UK Supreme Court Rejects $13 Billion Bitcoin SV Investors' Appeal
In December 2025, the UK Supreme Court dismissed an appeal by Bitcoin Satoshi Vision (BSV) investors seeking over $13 billion in damages. The appellants, BSV Claims Limited, argued that losses resulted from the delisting of BSV tokens by major cryptocurrency exchanges such as Binance and Kraken in 2019. This delisting caused an immediate price drop and denied investors potential forgone growth.

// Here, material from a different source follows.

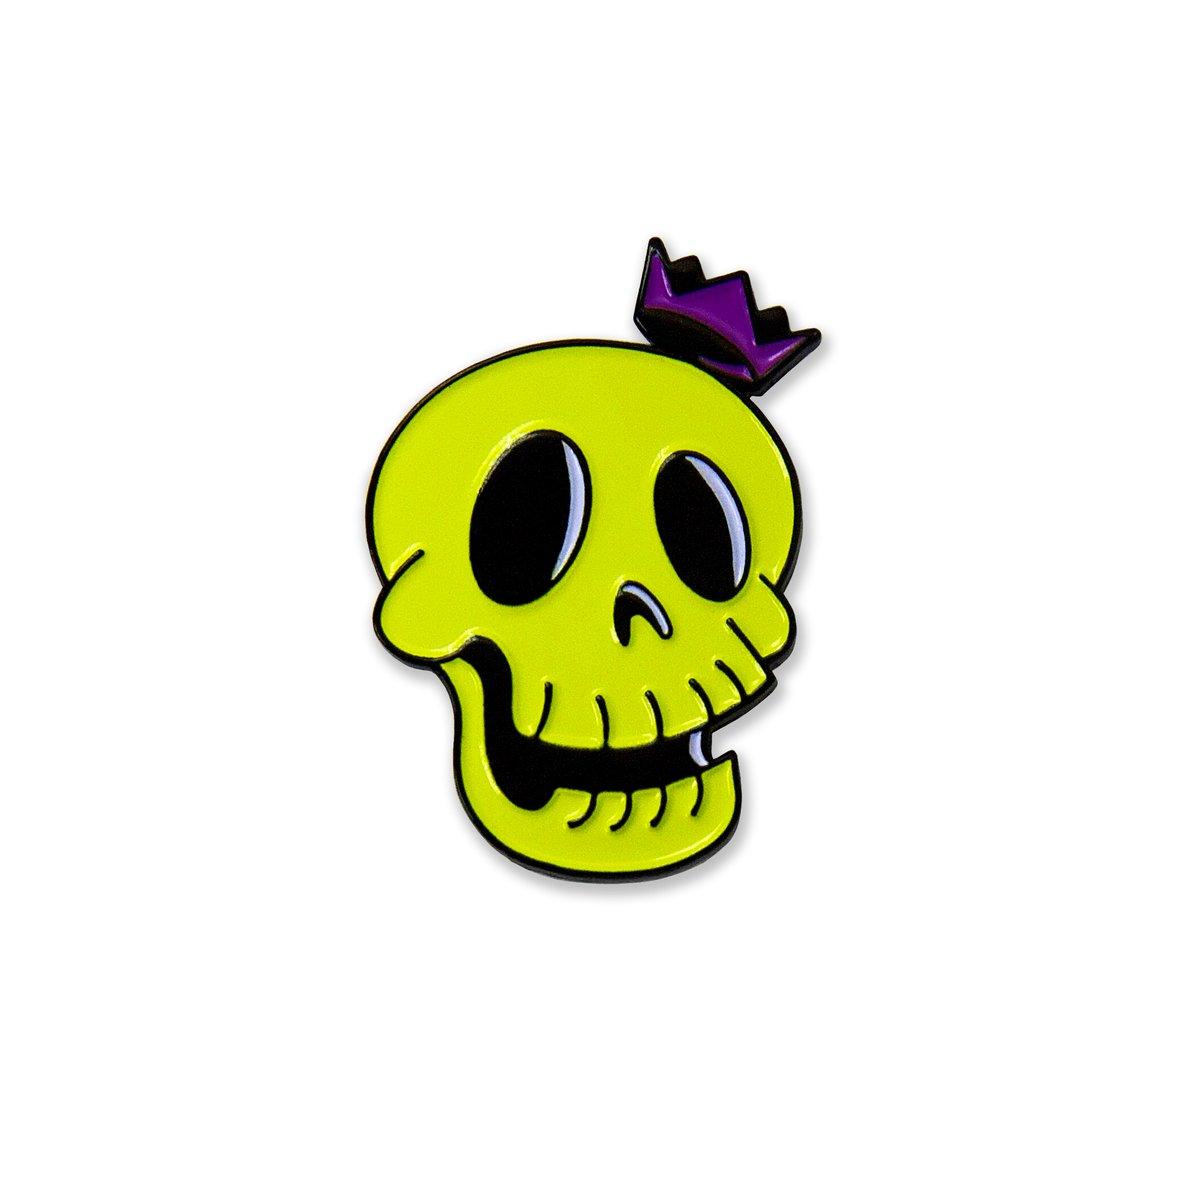 Image of BoneDaddy Enamel Pin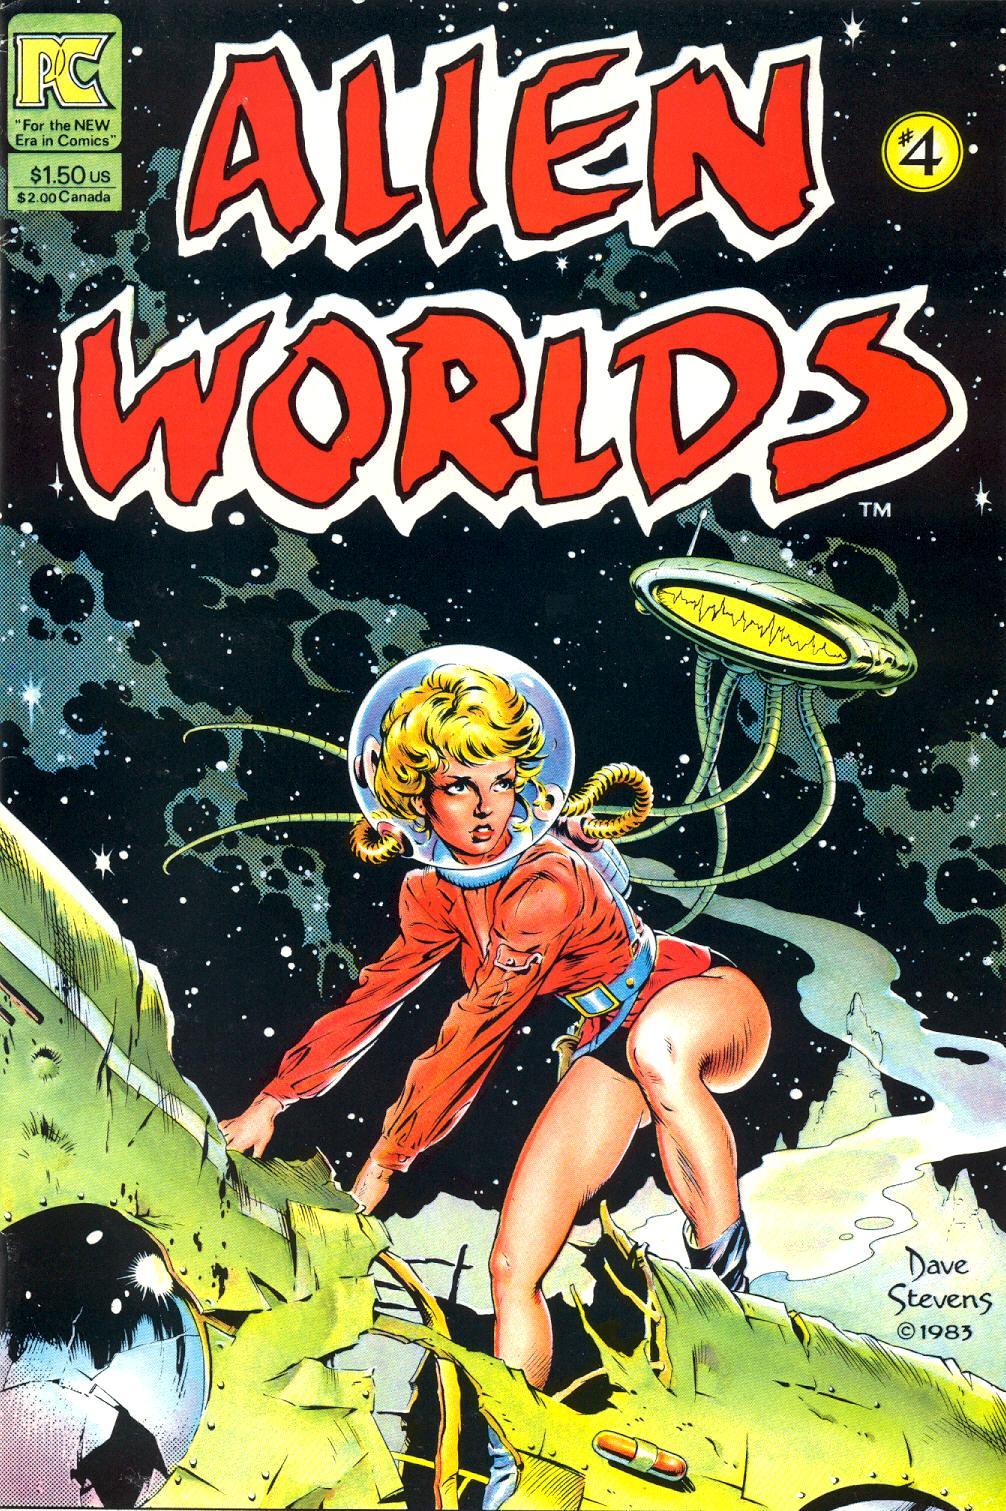 Alien Worlds 4 Page 1

The ruling, delivered by Justices Lord Hodge, Lord Sales, and Lady Rose, stated that the appeal did not present an arguable point of law or a question of general public importance, and thus was dismissed. Prior to this, in 2024, the Competition Appeal Tribunal had struck out claims concerning the forgone growth effect, and a May 2024 attempt to revive the case was dismissed under a market mitigation rule requiring loss mitigation by claimants.
Bitcoin SV was launched in 2018 as a hard fork of Bitcoin Cash, aiming to restore the original Nakamoto vision, making it a separate token from Bitcoin (BTC). Market data showed that BSV's price fell more than 96% from its 2021 all-time high of $489.75, trading at around $18.37 at the time of the court decision. The token was disabled on Coinbase in 2021 following a 51% attack.
In comparison, Bitcoin (BTC) saw record highs, reaching above $126,000 in October 2025 before trading around $85,873, down roughly 32% from its peak. Additionally, in 2024, a UK court ruled that Craig Wright was not the original Bitcoin creator Satoshi Nakamoto, a development linked to the BSV ecosystem.